For instance, Nike of Samothrace, the famous sculpture in the
Louvre, was an ex voto object that was, we think, offered by Rhodian sailors to
a shrine in thanks for a naval victory.
Who are the people involved?
In the symposium , we have divided the question of the
votive objects into both geographical periods and historical regions.

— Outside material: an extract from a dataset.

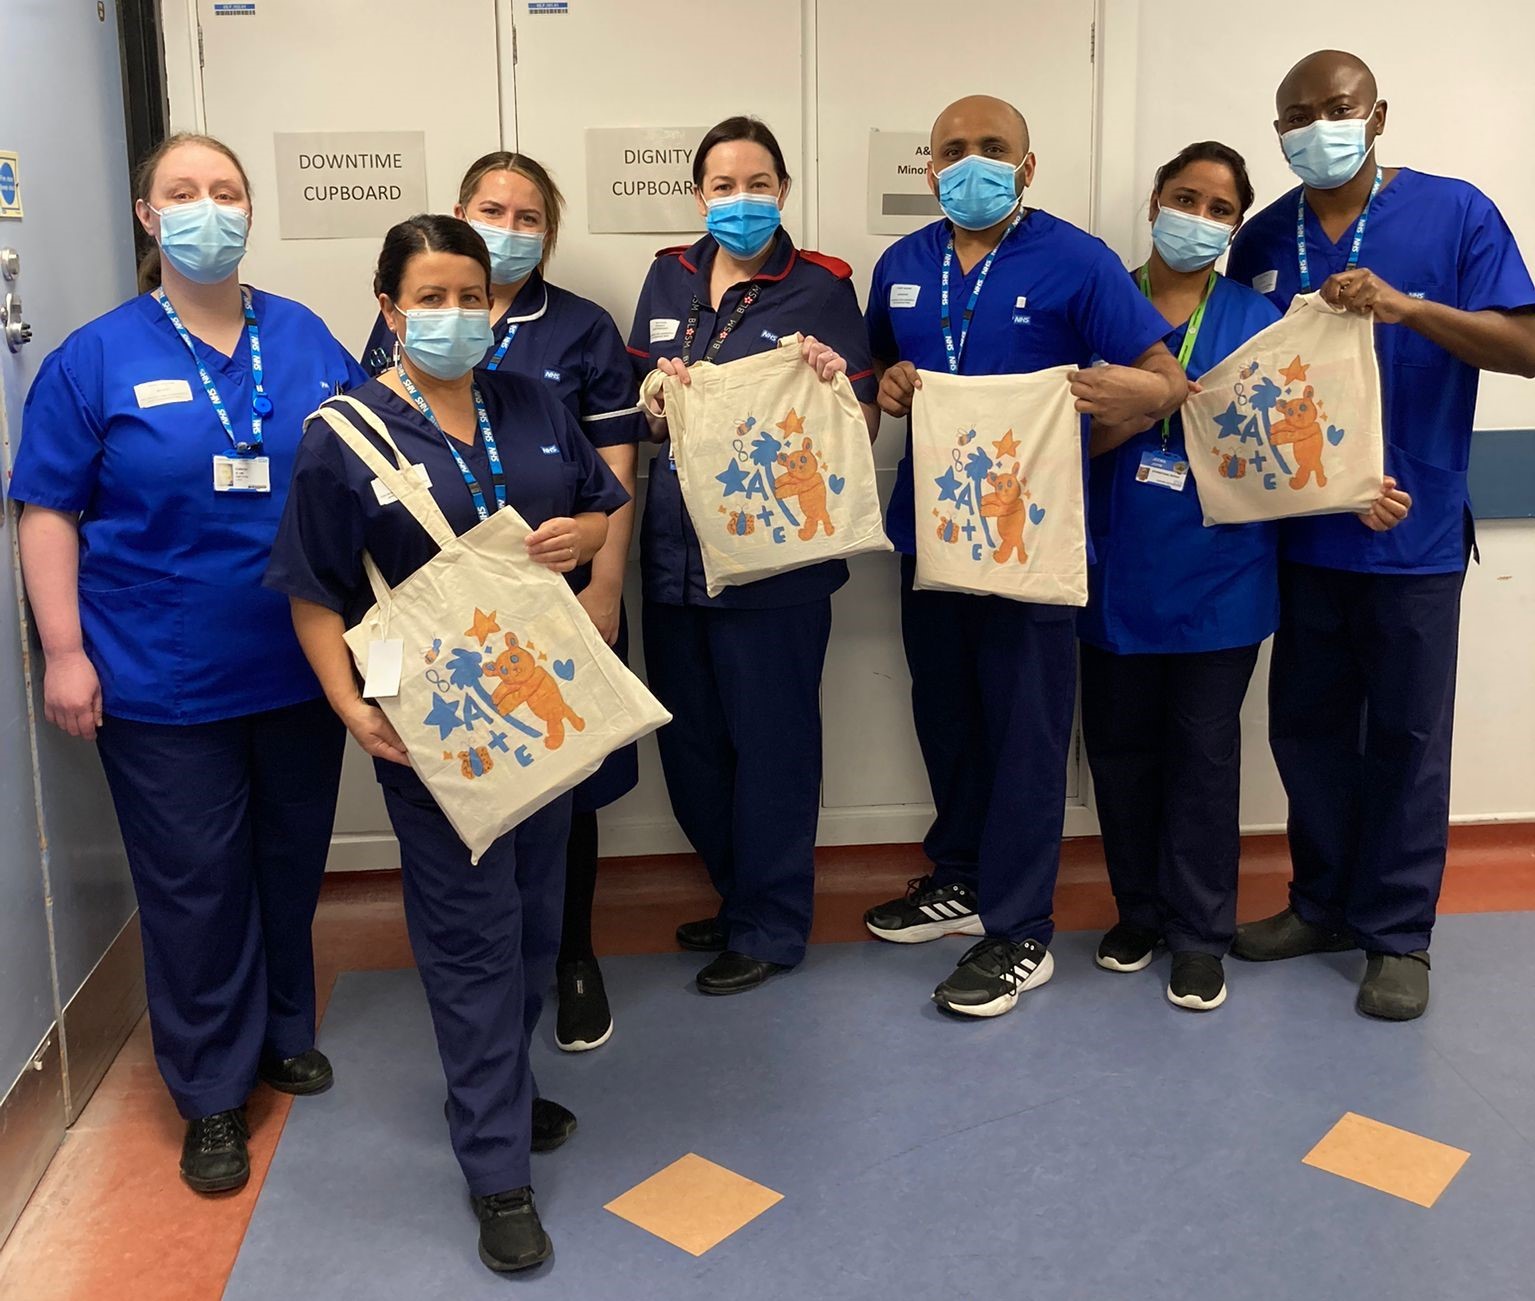 Some of our A&E Team with the Care Bags

Two scholars will talk about Greek and Roman cultures; two on Renaissance
Italy, two on the Germanic nations and northern Europe; and two on
Asia. One of these will talk about the Ema tablets in Shinto culture in
Japan, and the other, John Guy, of the Metropolitan, will talk about the
Buddhist votive tablet in Thailand. Two other scholars will focus on
South America. One of them, Clara Bargellini from Mexico City, will talk
about the ex voto and votive arts in the sixteenth- and seventeenth–century
colonialism of New Spain. As a special treat, Diane Fane of the Brooklyn
Museum of Art, will be talking about edible votive objects, which should be
most interesting. In addition, there will be a scholar talking about the
tradition of votive objects in Islamic culture. This scholar, Christiane
Gruber, was recently in Iran collecting material, so it will be a very fresh
presentation focusing on a lot of modern day activities relating to votive
objects in that country.
Finally, Kristin Hass will speak on
secular votives—things that we have learned, for instance, from the Vietnam
Memorial in Washington DC, 9/11 memorials, the Oklahoma City bombing memorials,
and even Lady Diana memorials. The symposium will uncover the question as to
why people do these things. What is interesting about votive giving is
its structural consistency. It is something that has existed since the
beginning of time to today, crossing cultures and religions. It is
something that is around us. It is not something that is celebrated in
art galleries nor mentioned in television specials. It is something that
is a part of daily existence. It is material culture in its
most down-to-earth folk-like aspect.
Where will this lead?
The symposium will also mark the launch of a bigger project
that will result in an exhibition centering on ex votos in the main exhibition
space of the BGC that is, for now, scheduled to open in 2015. This exhibition
will, we hope, draw its material from private collections as well as from major
museum collections in Europe.
Both the symposium and the exhibition will bring together a
new appreciation for ex votos within the context of material culture and, we
hope, promote the comparative study of material culture.